Я смотрел концерт, на сцене менялись певцы, и композитор аккомпанировал им, давая возможность ещё раз насладиться нам, зрителям, его прекрасными творениями. Я наблюдал, как он легко меняет инструменты. То рояль, то орган, то электронный синтезатор. Его пальцы легко порхают над клавиатурой. Никаких нотных записей, партитуры мелодий перед ним нет. Музыка звучит в голове и душе композитора, и он легко и точно ведёт мелодию, касаясь пальуами клавиш.
Вы знаете, я человек не завистливый. Никогда, никому и ни в чём не завидовал. Кроме одного момента. Это даже не зависть, а понимание того, что я так никогда не смогу, как бы не старался. Хоть у меня есть и терпение, и соображение, я многое в жизни умею, но вот научиться играть по настоящему, хоть на каком-то музыкальном инструменте, мне не дано. Вы видели, как проверяют музыкальный слух у ребёнка, когда его мама и папа решили, что он хочет быть музыкантом. Педагог нажимает на клавиши пианино «до-ре-ми» или «фа-соль-си», а потом говорит ребёнку: «Повтори!». И нормальный ребёнок, с музыкальным слухом повторяет. Со мной такой номер не прошёл. Ни разу не смог повторить, для меня это, как китайская грамота. Напеть мелодию, насвистеть, могу, а вот на клавишу нужную нажать, это увы.

И когда я видел, как мои одноклассницы, сидя за пианино, после окончания музыкальной школы, легко играли без нот, или подбирали мелодию на слух, наблюдая за их тонкими пальчиками, легко порхающими над клавиатурой, я испытывал священный трепет. Нет, не зависть, а именно трепет.
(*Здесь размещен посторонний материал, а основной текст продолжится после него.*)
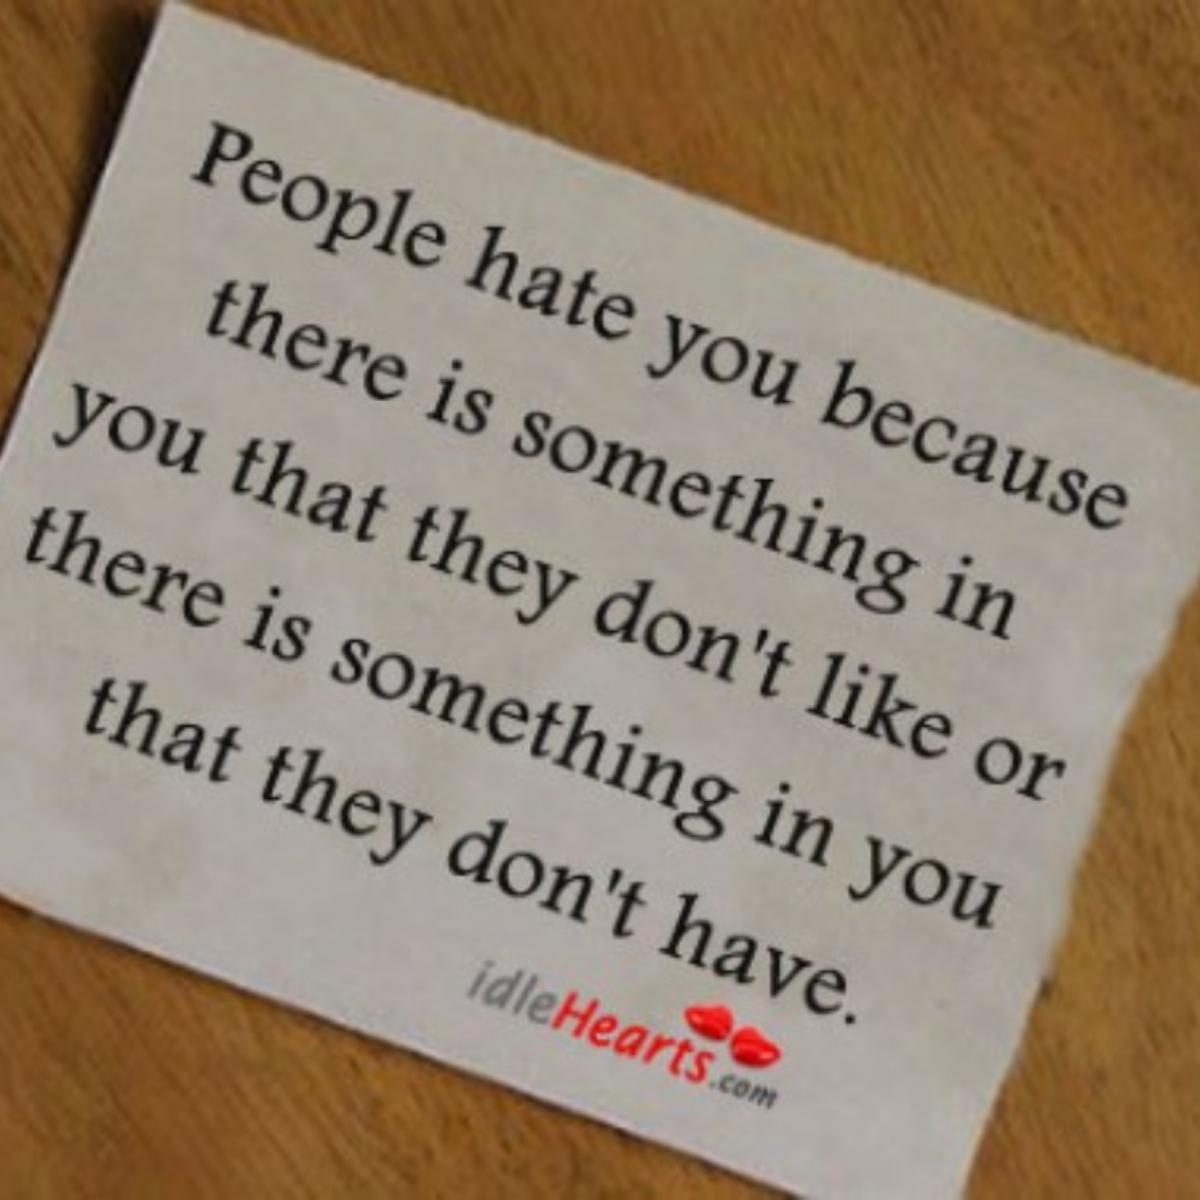 when-someone-dislikes-you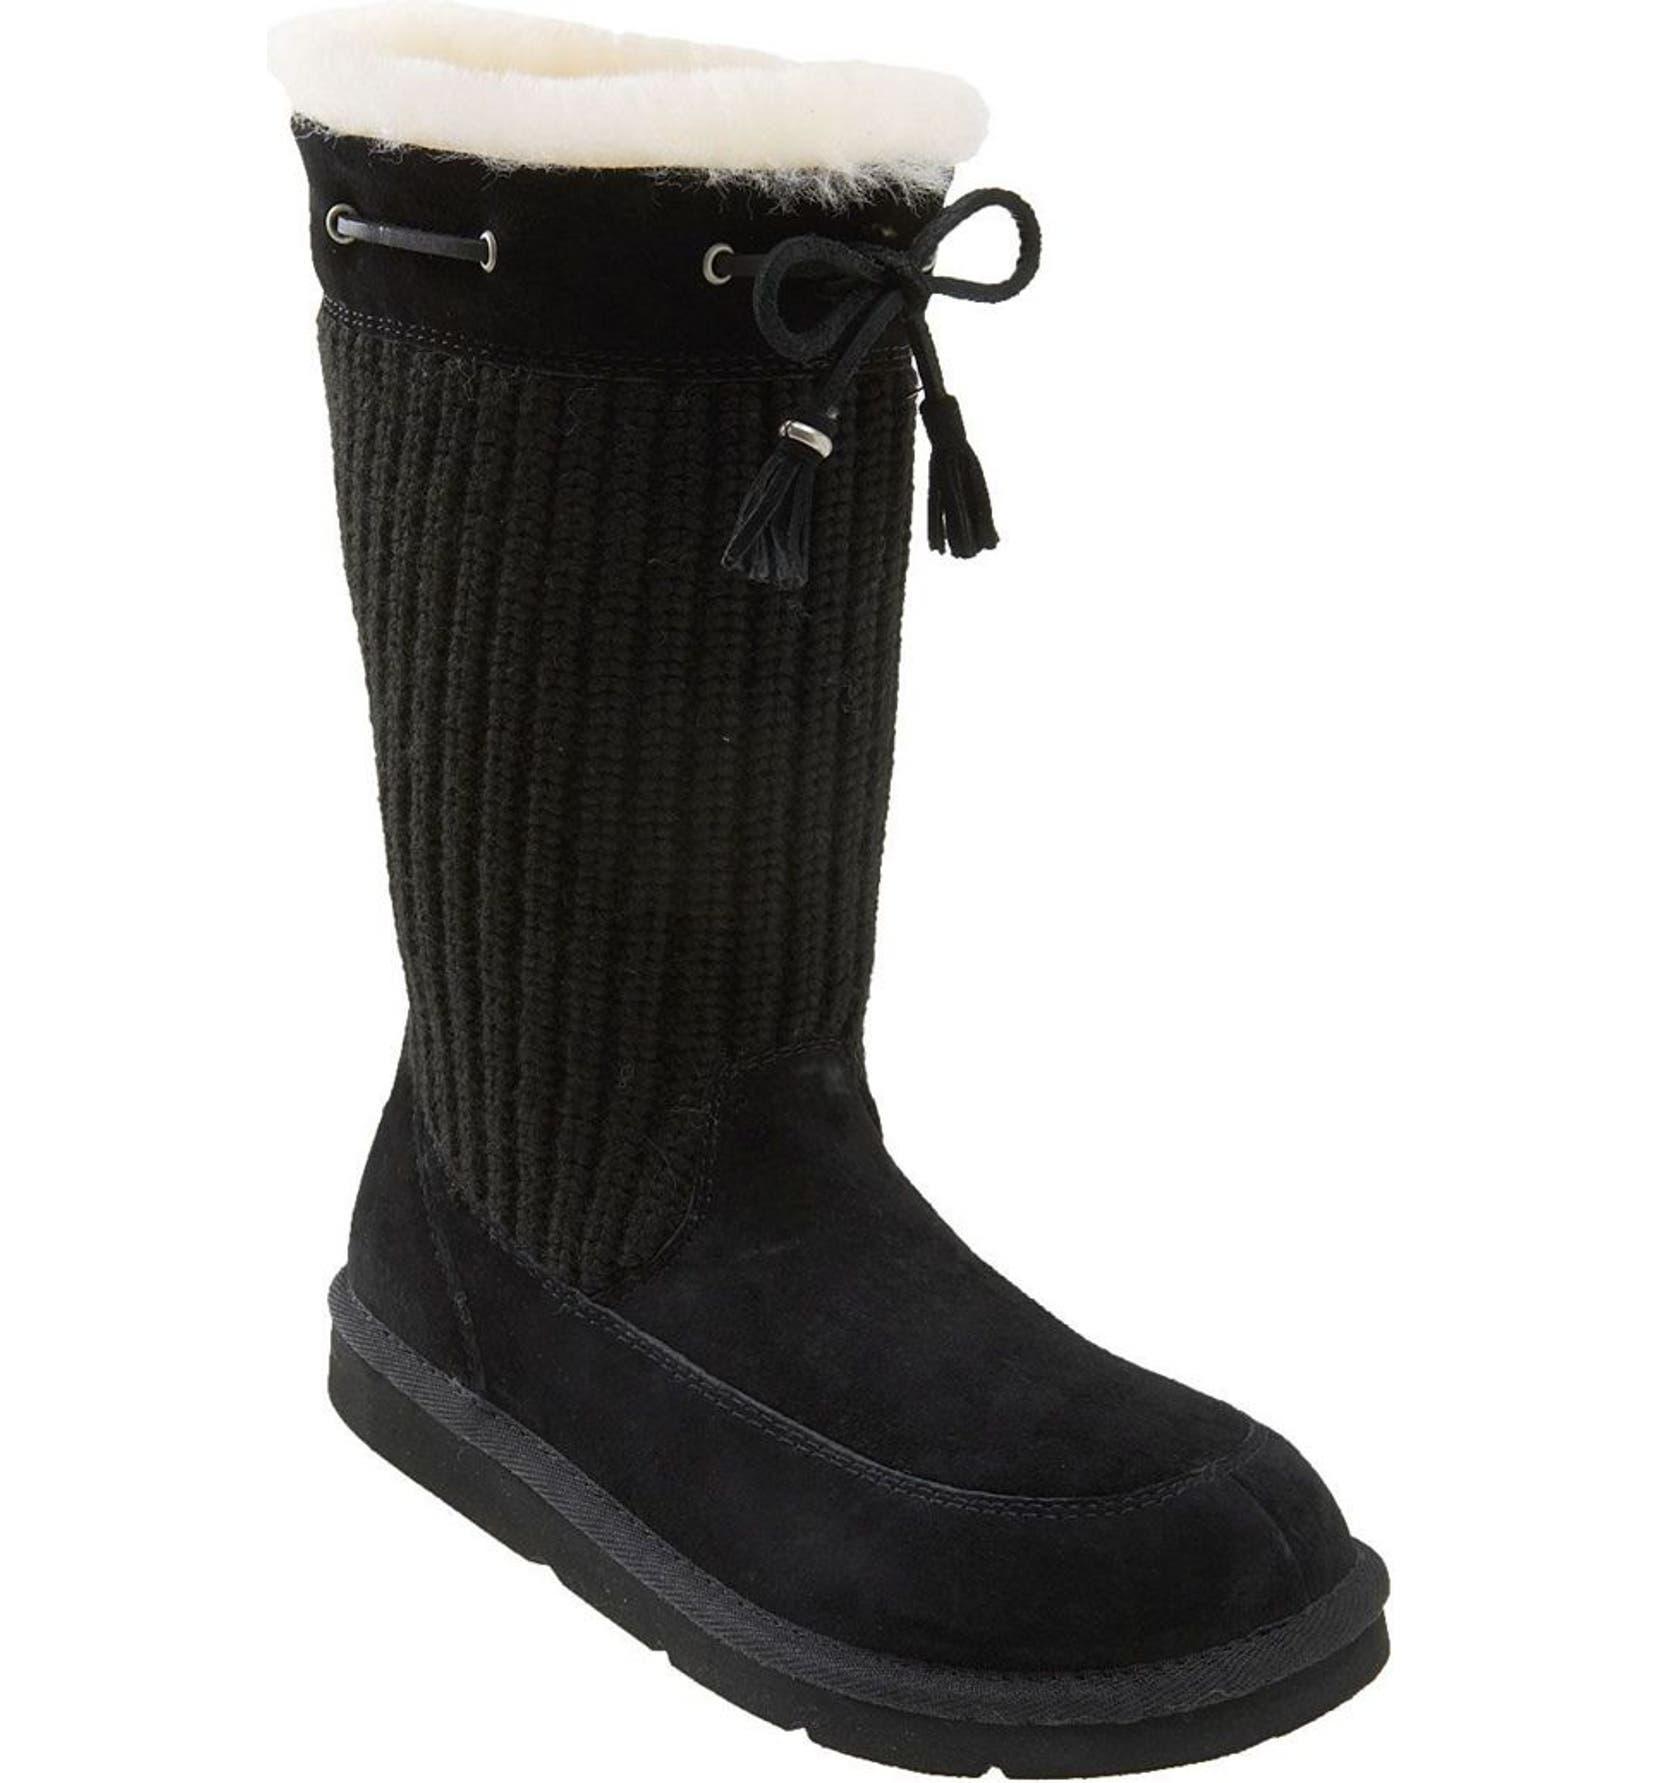 690cec05f7b Australia 'Suburb Crochet' Boot

Как у них это легко получается, как они попадают пальчиком в нужную клавишу, даже не глядя на неё, в нужную секунду, с нужной экспрессией, и держат сколько нужно!!! Это можно обалдеть. Ну дал же господь людям такое умение. Я из всех инструментов умею играть только на нервах. Когда-то научился ездить на велосипеде, мопеде, мотоцикле, автомобиле, тракторе, тепловозе, управлять разными типами вертолётов, а вот освоить музыкальный инструмент, хоть какой-нибудь, так и не сподобился. Правда, сейчас я давно уже ни на чём не езжу, и не летаю, только хожу пешком. А если мне куда-то надо, то меня везут в общественном транспорте, такси или на поезде.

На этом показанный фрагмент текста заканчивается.